Limited Clinic Schedules and Resources

Respondents reported that limited clinic hours or inflexible appointment schedules constrained their ability to address their HIV care amidst unexpected life events. Nearly half of respondents, both men and women, referenced this as a broader challenge to engagement in HIV care. Below, we focus on situations where this posed a specific barrier to individuals’ re-engagement in HIV care.

Just under a quarter of respondents, equally divided between men and women, reported that they returned to the health facility as soon as possible, but were turned away because they did not come on an ART clinic day or because an ART provider was not available for various reasons. In some cases, respondents struggled to find the time or money to return to the clinic again on the next available ART clinic day.

“Since we were in mourning, we didn’t find a chance to come here. So we came in the middle of the week. They said ‘here we don’t give the ARVs in the middle of the week. You should come on Thursday. All this group of people [in the out-patient line] wants us to help. So [we cannot] stop our work to help you. You should wait for Thursday.’ So the days [between appointments] kind of increased." (47-year-old, unmarried woman)

“[When I came back] I found there was nobody [at the clinic]. Yes, it was a holiday.

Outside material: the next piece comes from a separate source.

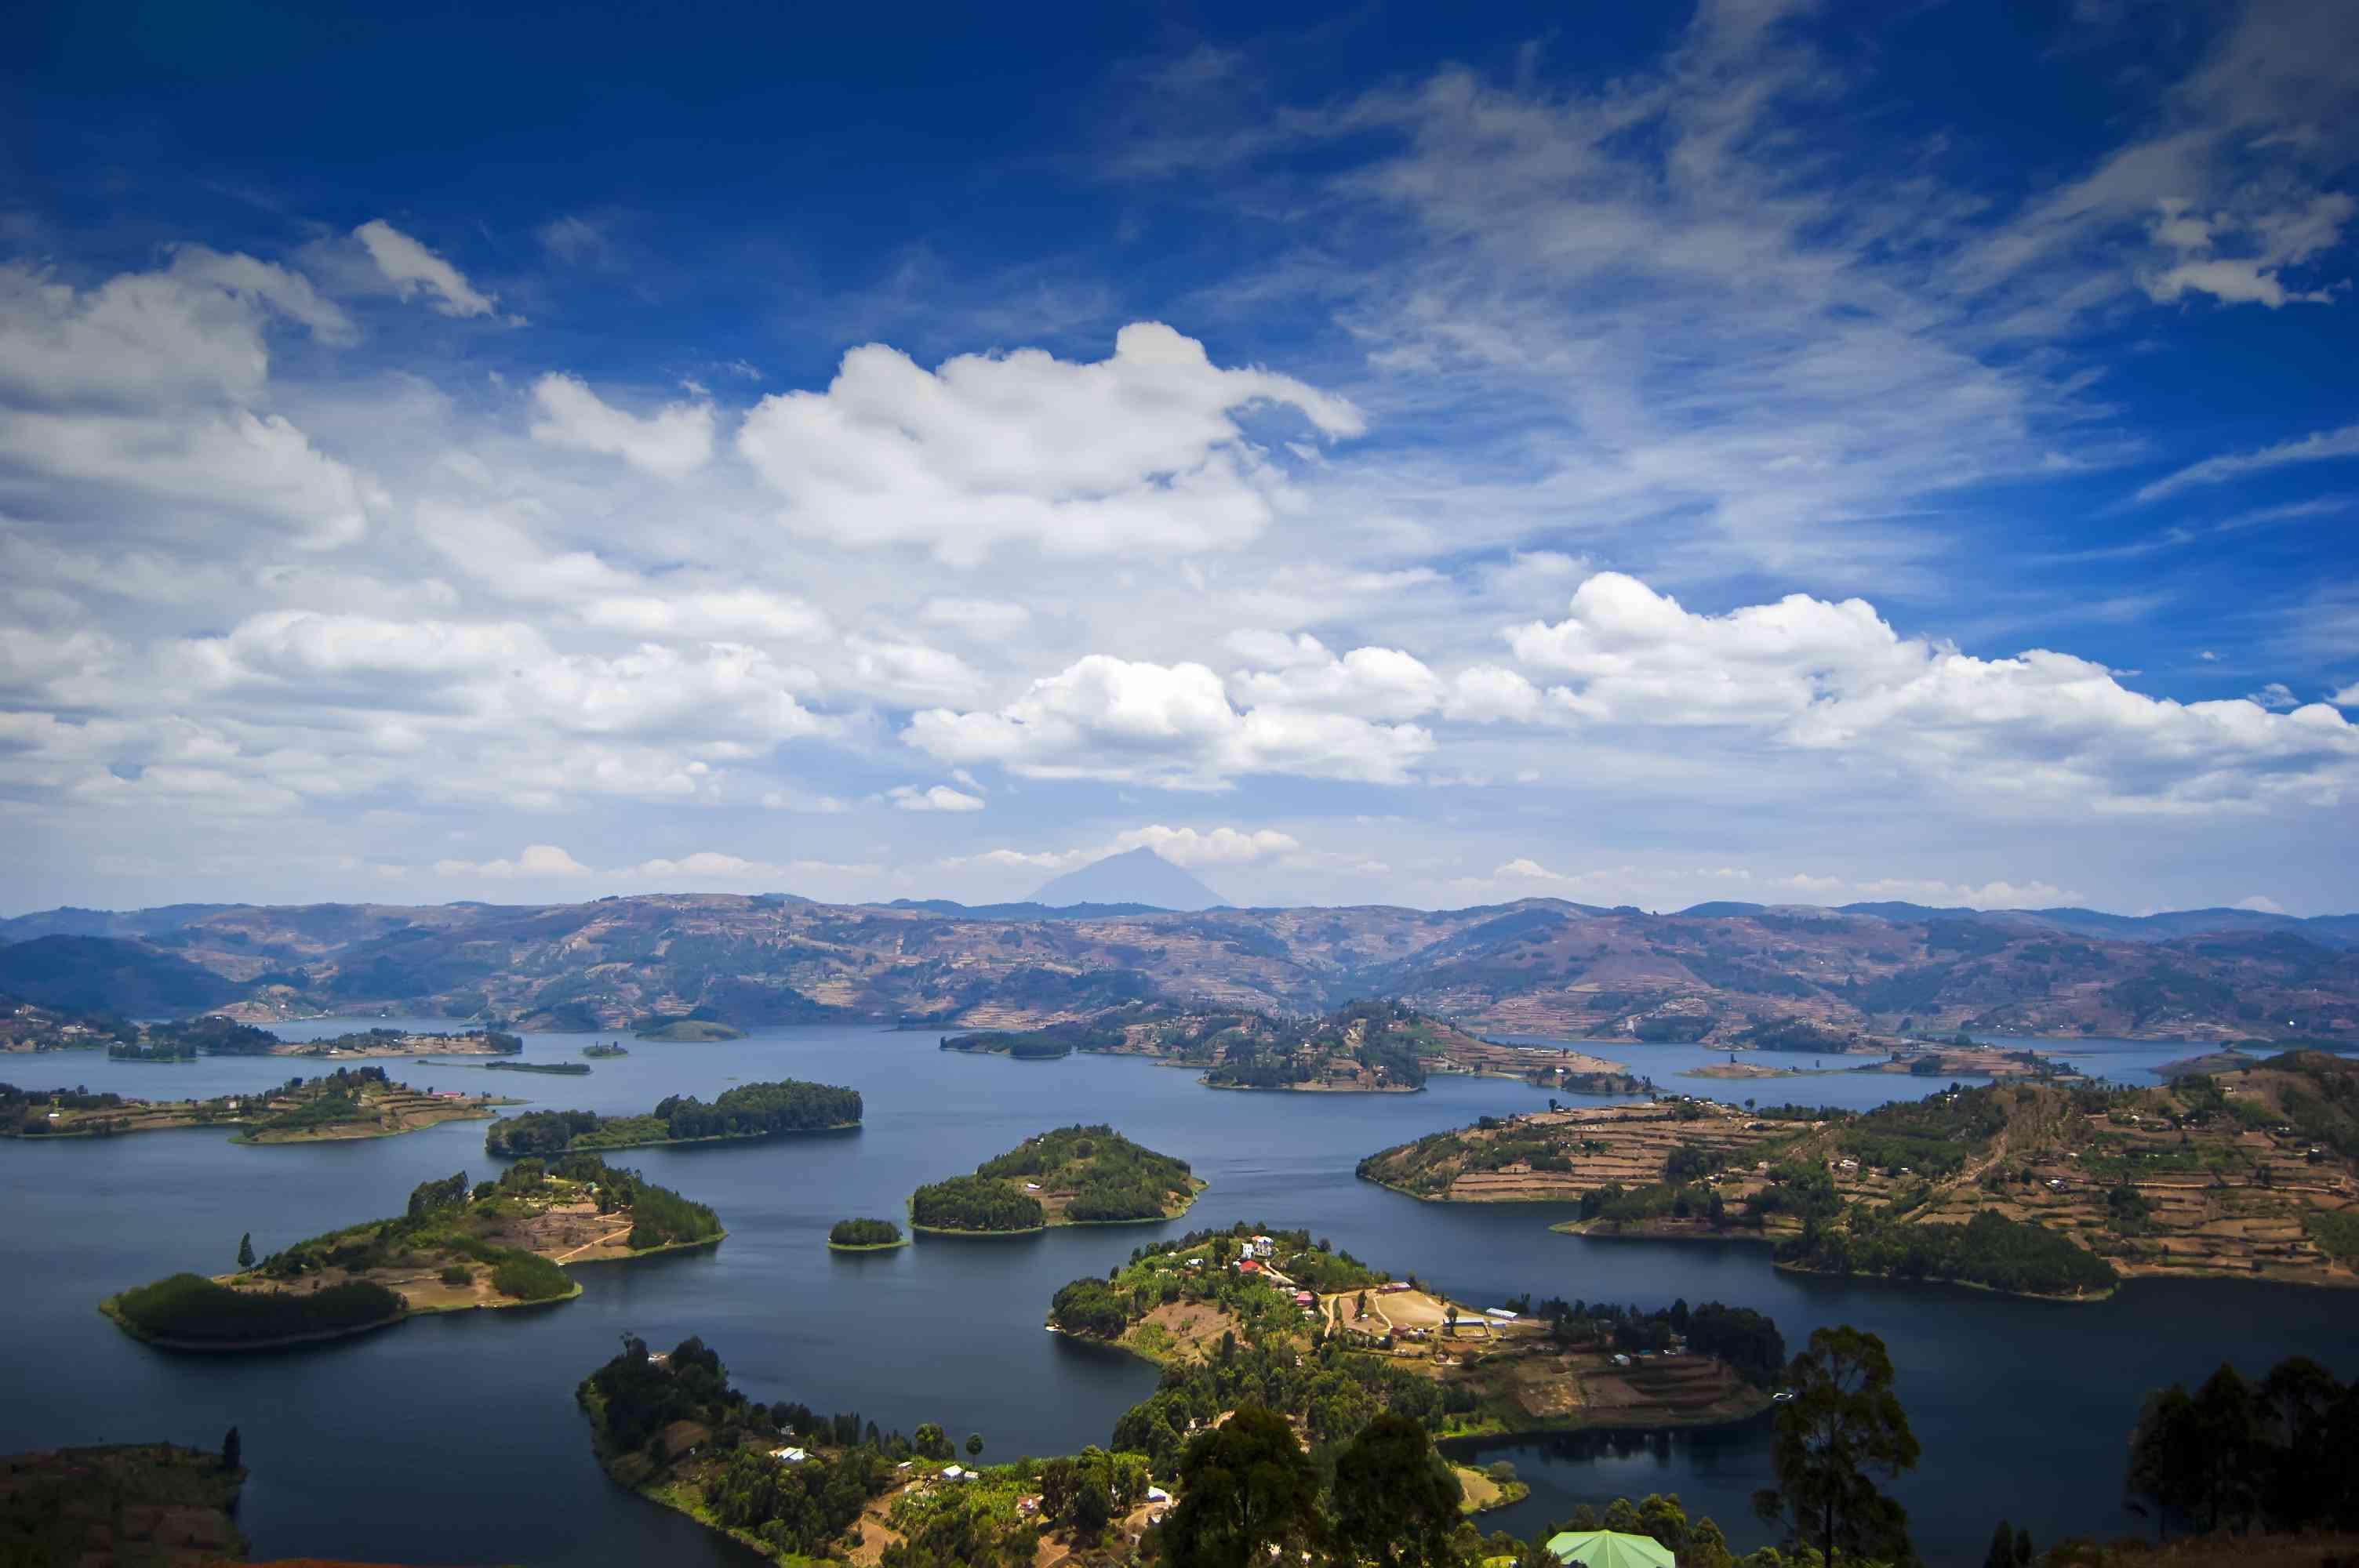 Overview of Lake Bunyonyi, Kabale

So, I went back after July 6th…I couldn’t get the drugs—I was met with challenges again. So, I went back twice to get the drugs." (50-year-old, unmarried man)

“For instance, when I came this month, I was told that the doctor has gone for some training and has carried the keys for the room where the ARVs are. So I went back home. So due to scarcity of transportation fare, I spent two days without coming here and then I came afterwards to pick up the medications from the hospital. [When I originally missed my appointment] I still had many pills in the bottle. So I was still taking those pills. But during the three days after returning to the clinic, when the doctor had traveled, that's when I did not take any pills." (27-year-old, married man)

Procuring Money for Transportation Back Home Extended Time Away from the ART Clinic

Among men who missed ART appointments due to travel for work, over half reported having difficulties procuring transportation money to return home to attend the ART clinic where they were registered.

"... because it was a long distance, I didn’t have transport money to get here and go back [to the clinic], so I just thought I should get the Irish [potato to earn money]…" (22-year-old, married man)

“I was searching for piece work [in Lilongwe], so that I can find money for the transport cost to come back here." (21-year-old, married man)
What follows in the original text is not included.